EAROPH promotes a better understanding of Human Settlements and encourages excellence in planning, development and management to improve the quality of life and sustainability of human settlements.

History
EAROPH was founded at a Congress in New Delhi, India, in 1954. The formation of EAROPH was a response to a movement among emerging third world nations to recognise and protect their socio/cultural identities and traditional values in the face of rapid urbanization. Urban planning and the provision of housing for the masses were of particular interest to the new organization, which sought solutions grounded in local understanding by those “culturally in-tune” with the countries involved.
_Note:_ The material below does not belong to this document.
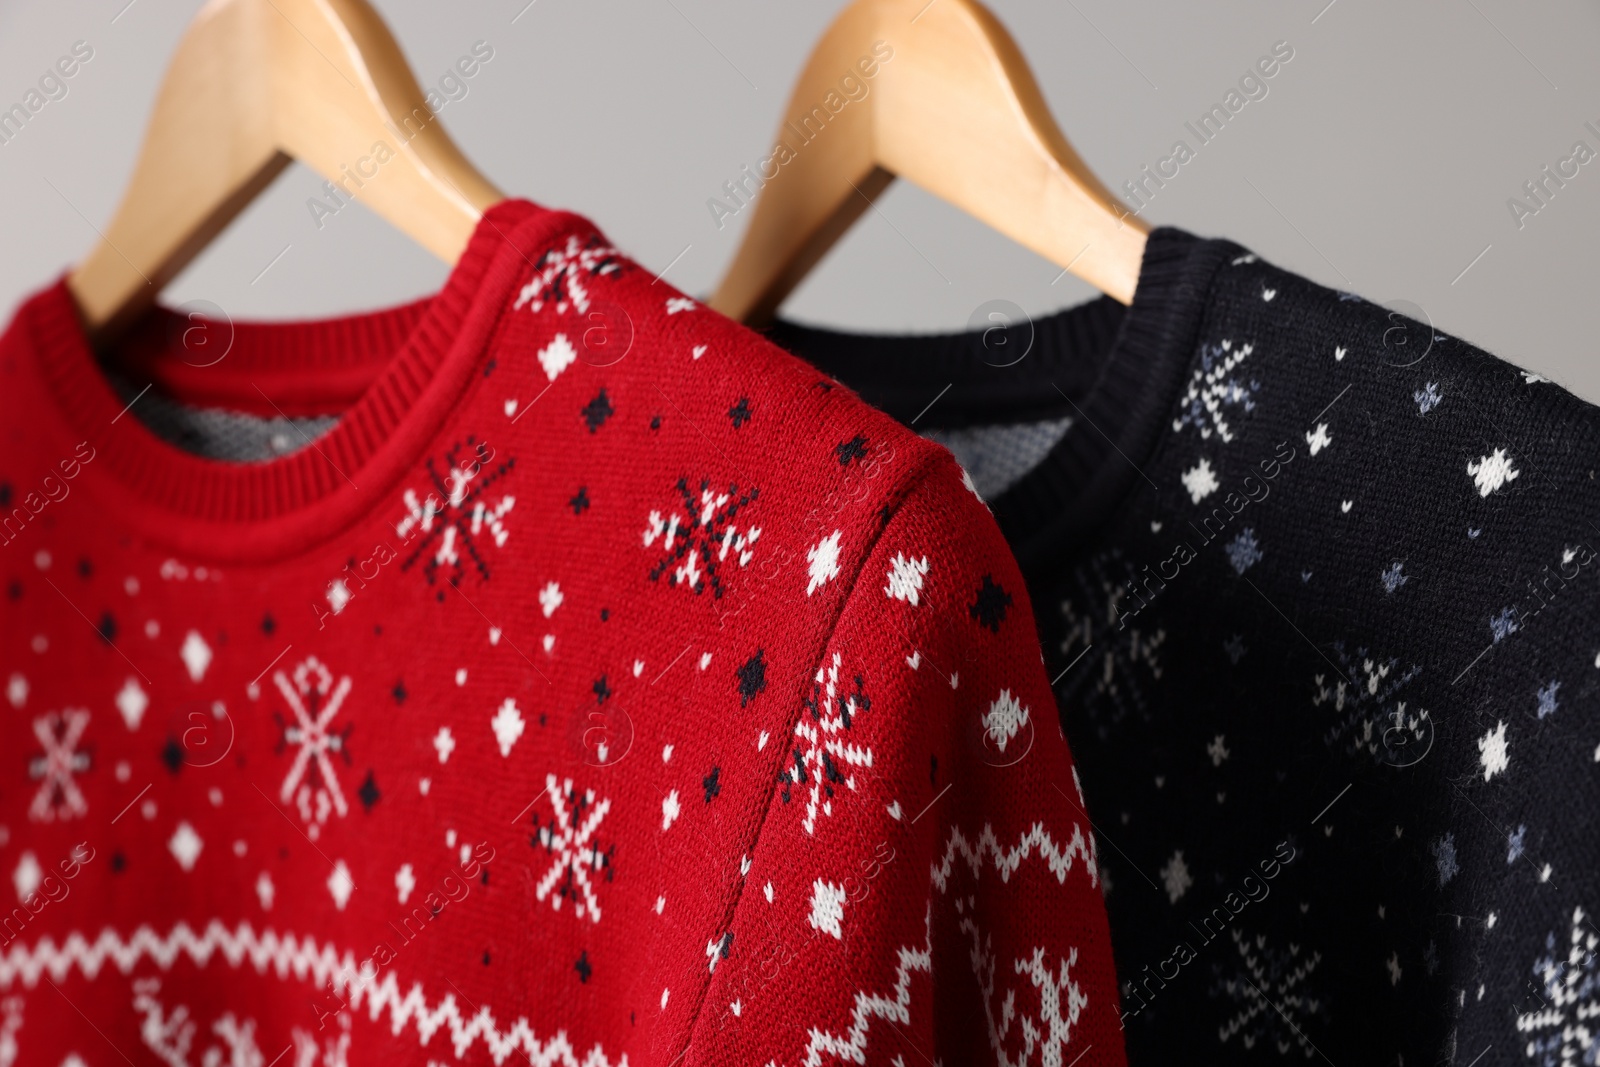 Photo of Christmas sweaters hanging on rack against light background, closeup

EAROPH was officially inaugurated under its new constitution at the second EAROPH International Congress in Tokyo, Japan in 1960 and gained its NGO status from the United Nations (UN) through its then parent organization, the International Federation for Housing and Planning (IFHP). The EAROPH Secretariat was moved from New Delhi, India to Kuala Lumpur, Malaysia, in 1978.

Goals
The goals of EAROPH are;
 to consolidate and promote expertise in Human Settlements in the EAROPH Region.
 To provide a forum for continuous collaboration between governments, private sectors and people in addressing Human Settlements issues.
 To promote personal professional development of its members.
 To provide expert technical support for members.
 To provide expert technical consultancy services on a commercial basis.
 To facilitate the exchange of information, experiences, ideas and insights among members.
 To foster links with organisations with similar interests in other regions.

Activities
Activities and projects carried out by EAROPH include and have included the following:
 Arranging technical exchange programmes between countries;
 Organising international conferences and regional seminars;
 Running short-term technical training programmes;
 Conducting technical field visits to member countries;
 Promoting joint-venture urban development projects;
 Facilitating funding arrangements for project between donor agencies and beneficiary countries in the EAROPH region;
 Hosting public forums for key policy makers to highlight current issues, publishing bulletins and journals.